# Discus: food for free swimmers



## rickwaines (Jan 2, 2011)

so, I know I know a community tank is no place for free swimmers but... if on the off chance these little guys make it through the first week are there off the shelf or out of the freezer, perhaps from the marine trade, that can be used to feed these little guys once the ween off the slime? 
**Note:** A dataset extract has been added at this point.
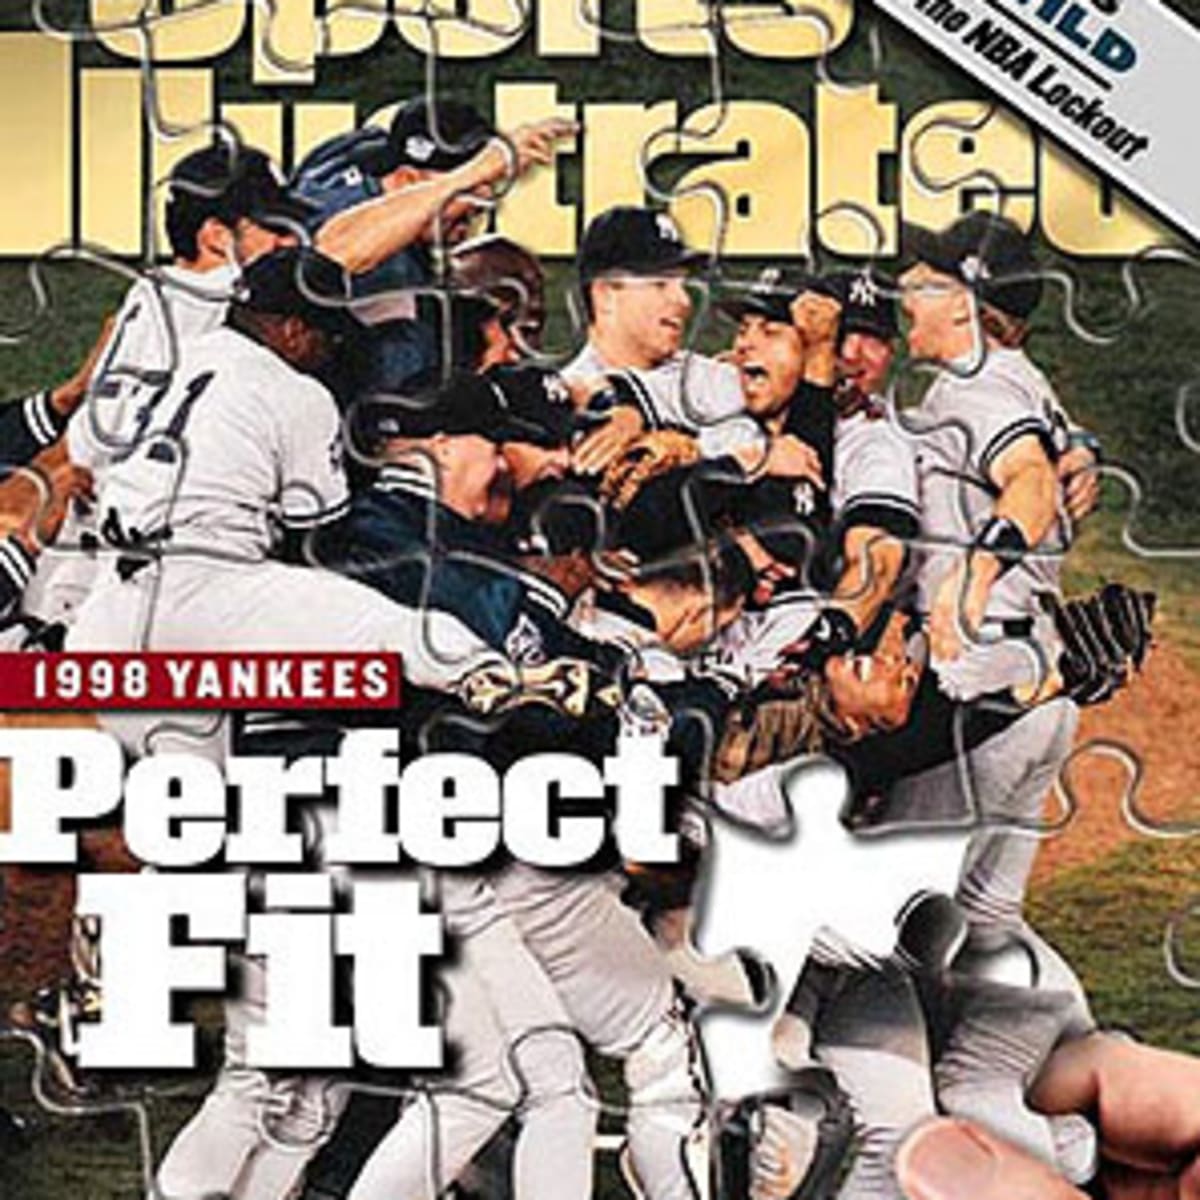 David Cone thinks chasing 1998 team will benefit Yankees

bbs, I know but find it a bit fiddly. Isuforia? I have never raised it, is it any easier? Other suggestions?

Rick


----------



## 2wheelsx2 (Apr 21, 2010)

Have you tried Golden Pearls? That should work. Kens Specialty Food


----------



## rickwaines (Jan 2, 2011)

2wheelsx2 said:


> Have you tried Golden Pearls? That should work. Kens Specialty Food


That stuffs seems great. Have you used it?


----------



## rickwaines (Jan 2, 2011)

2wheelsx2 said:


> Have you tried Golden Pearls? That should work. Kens Specialty Food


Anyone have any of this stuff that they might be willing to part with?


----------



## dino (Aug 29, 2011)

I think live brine shrimp is a must


----------



## seanyuki (Apr 22, 2010)

Just sharing.... Rick has the Fry Starter Food .

Fry Starter Food

hth


----------



## 2wheelsx2 (Apr 21, 2010)

I've never tried the Golden Pearls but I just ordered some this week to try for my pleco fry (probably too coarse for discus though).


----------



## Smatt (May 27, 2011)

Brine shrimp isn't that fiddly once set up properly


----------



## Fish rookie (May 21, 2012)

micro worms are quite easy to keep and feed I think.


----------



## MELLO (Apr 21, 2010)

I use baby brine shrimp.


----------



## seanyuki (Apr 22, 2010)

Good choice for brine shrimps......live,frozen or freezed dried for max growth/coloration?.....just learning.



MELLO said:


> I use baby brine shrimp.


----------



## mollyb (May 18, 2010)

BBS is my go to as well, but I've started noticing the babies will actively look for new life spectrum 1 mm pellets as they break up after sitting in the tank for a bit. This is great because now I can put in some of the pellets before I go to work, they nibble on them during the day and there is rarely any leftover when I come home. The babies seem to grow well on this diet, and when they get around 1/2 inch, it looks like they way prefer it to BBS.


----------